Not eating meat/Becoming vegetarian: Before you jump down my throat for including this item in my list, please hear me out. I am not saying that everyone has to eat meat. As I have said before, there is no “one size fits all” when it comes to diet, and probably there are some people who do better without meat. There are also those who, for moral, ethical, or religious reasons, have opted not to eat meat, regardless of any effects it may have on their health. What I am talking about here is the general assumption that seems to have permeated society that eating meat (or specifically red meat) is universally unhealthy. Off the top of my head, I can count at least six conversations I’ve had in the last two months with people who have proudly told me that they have dramatically reduced the amount of meat they are eating in order to “get healthy.”

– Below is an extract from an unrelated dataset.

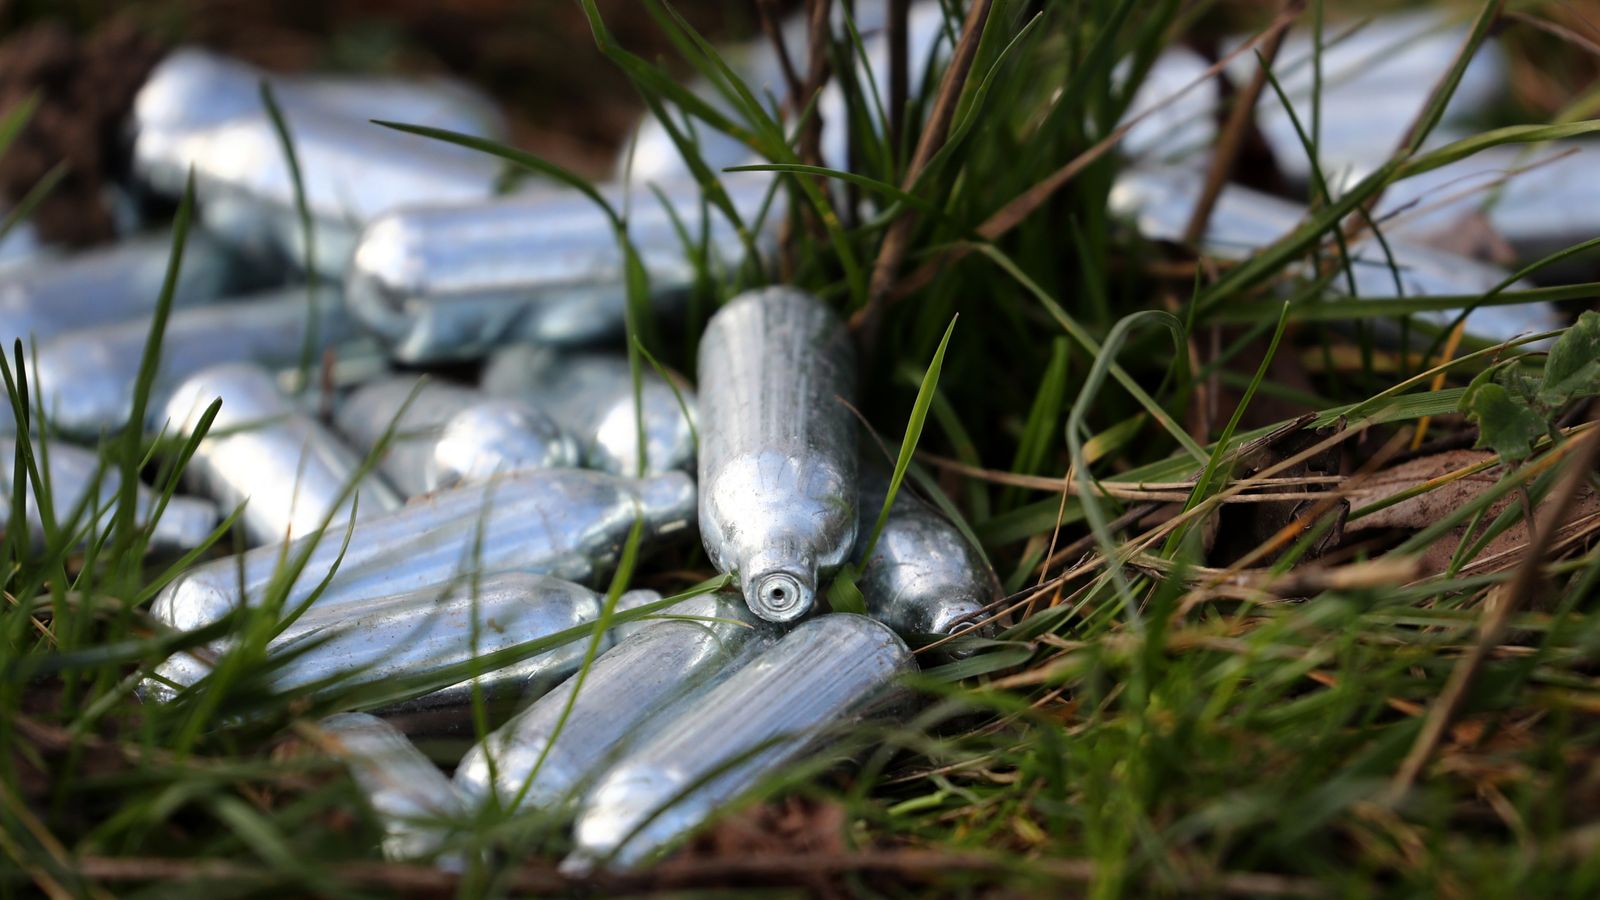 Nitrous oxide: Laughing gas to become illegal next month - as dealers face 14 years in jail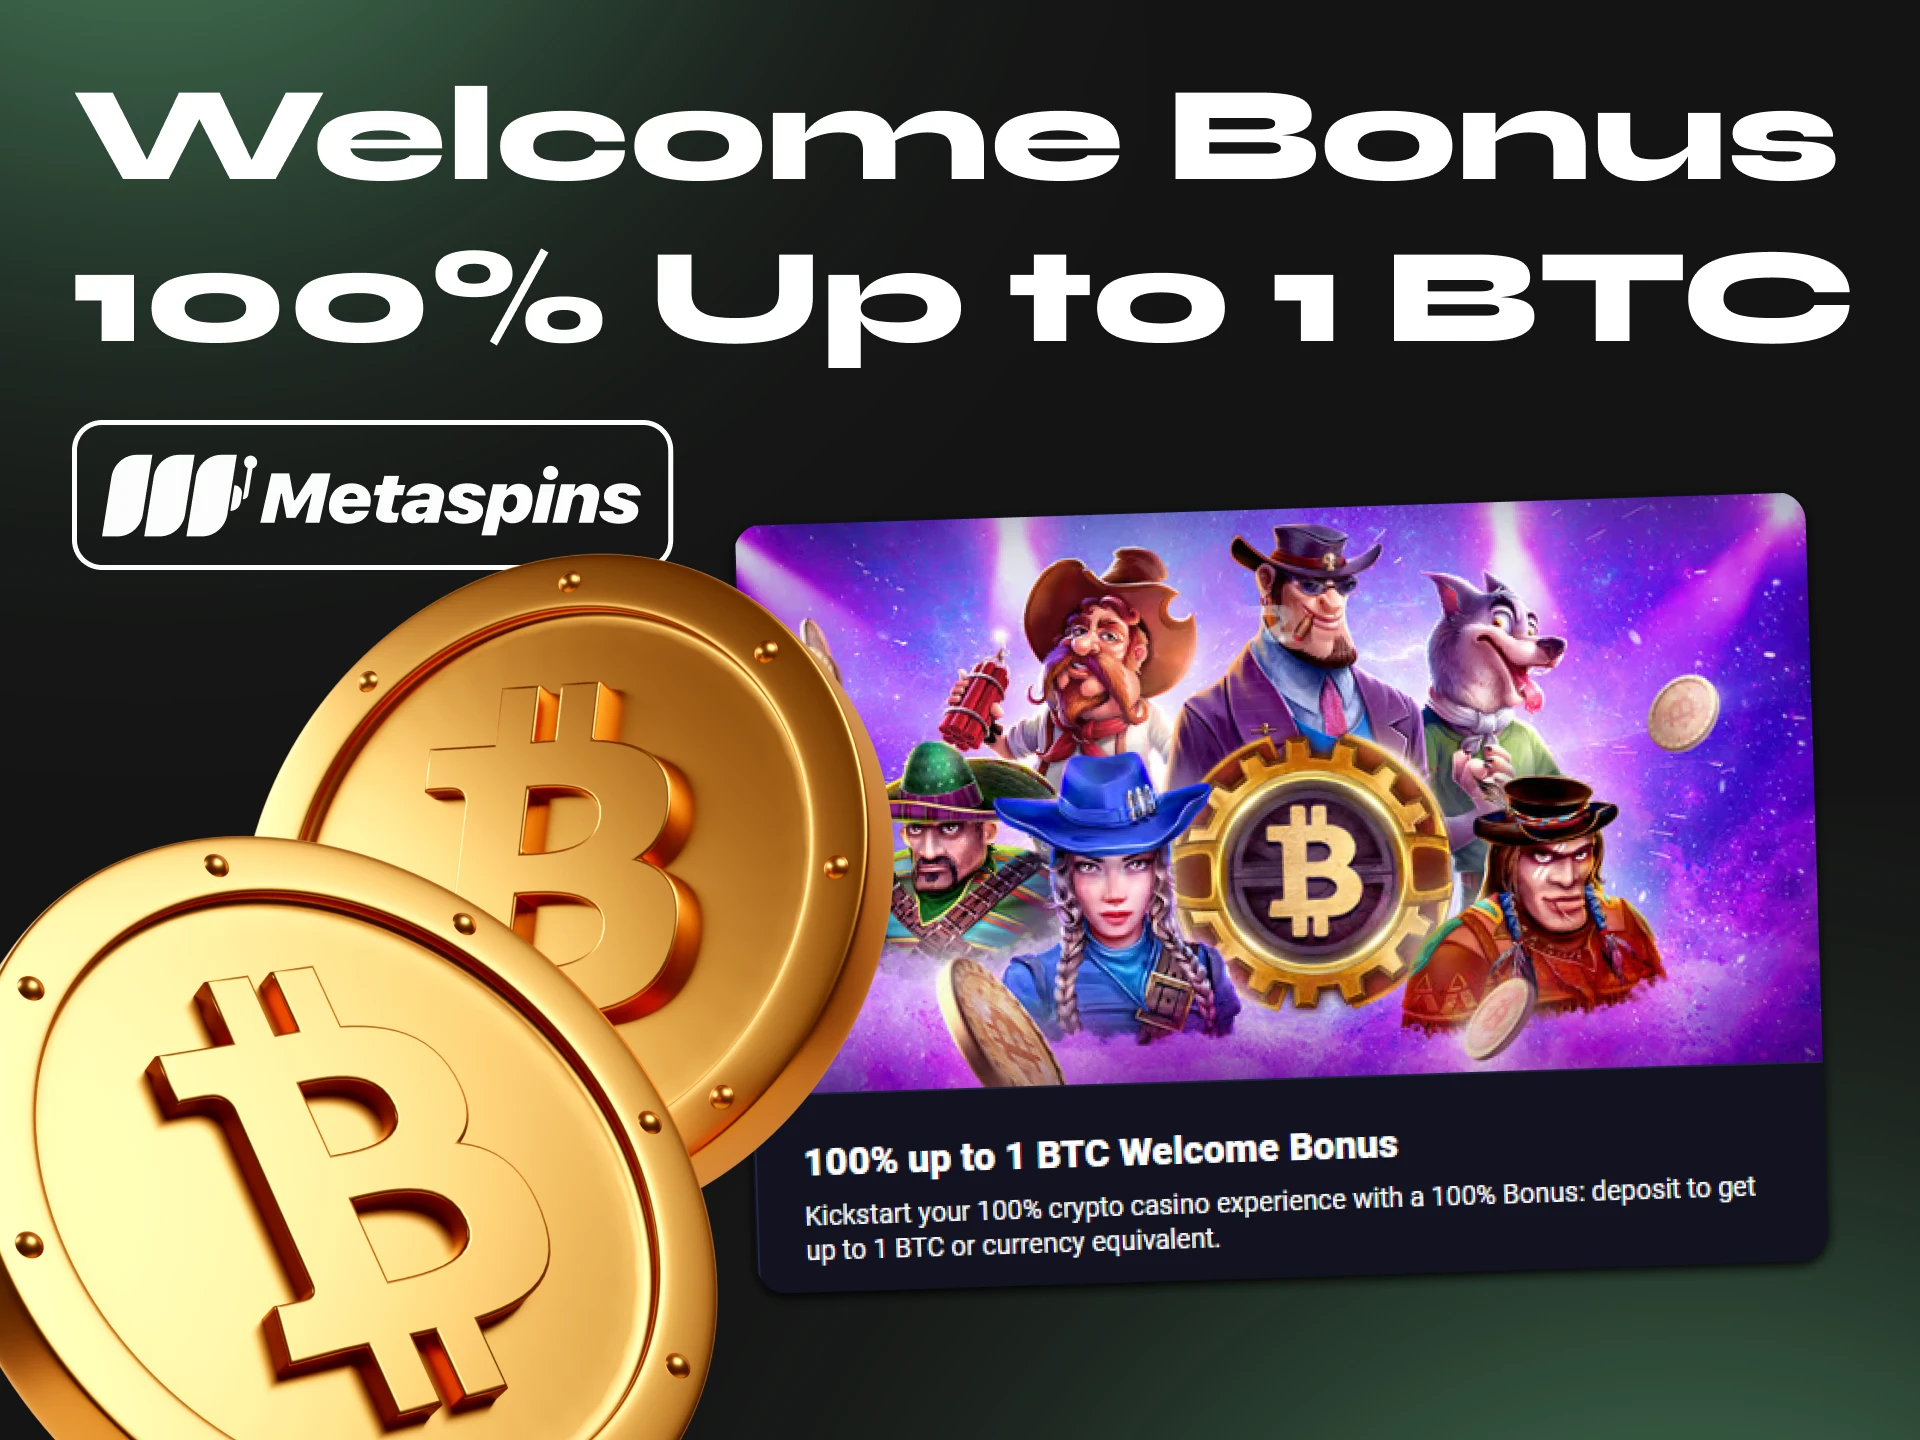 If you want to play poker, choose Metaspins Casino and their welcome bonus.

There are several problems related to a refusal to eat meat, such as nutrient and protein deficiencies. Some people who are consciously aware of these potential deficiencies design their diets and supplement regimens to compensate. However, people who have a more anomalous and abstract idea about the health benefits of going meat-free often accidentally reduce meat without compensating with sufficient alternative protein sources or vitamins. This can inadvertently lead to many health issues related to nutrient deficiency.
The bigger issue with the assumption that meat-less diets are healthier than those containing animal protein is that people seem to take that to mean that anything vegetarian or vegan is automatically also healthier. This is similar thinking to the “low-fat,” “low-cal,” “gluten-free” processed foods discussed above: you can still easily find vegetarian junk food, and a junk food diet, no matter how much or how little meat it contains, will never be healthy.
Alternatives: If you do choose to eat little or no meat, I highly recommend taking a close look at what you are eating and trying to optimize it with real food, soaked and sprouted legumes and grains, and high-quality fats. Take a look at these useful recommendations based on the diets of traditional cultures. If, however, you find that your health is not optimal with so little meat, take a look at the articles assembled here to consider how meat (especially well-raised meat) can be successfully incorporated into a healthy diet.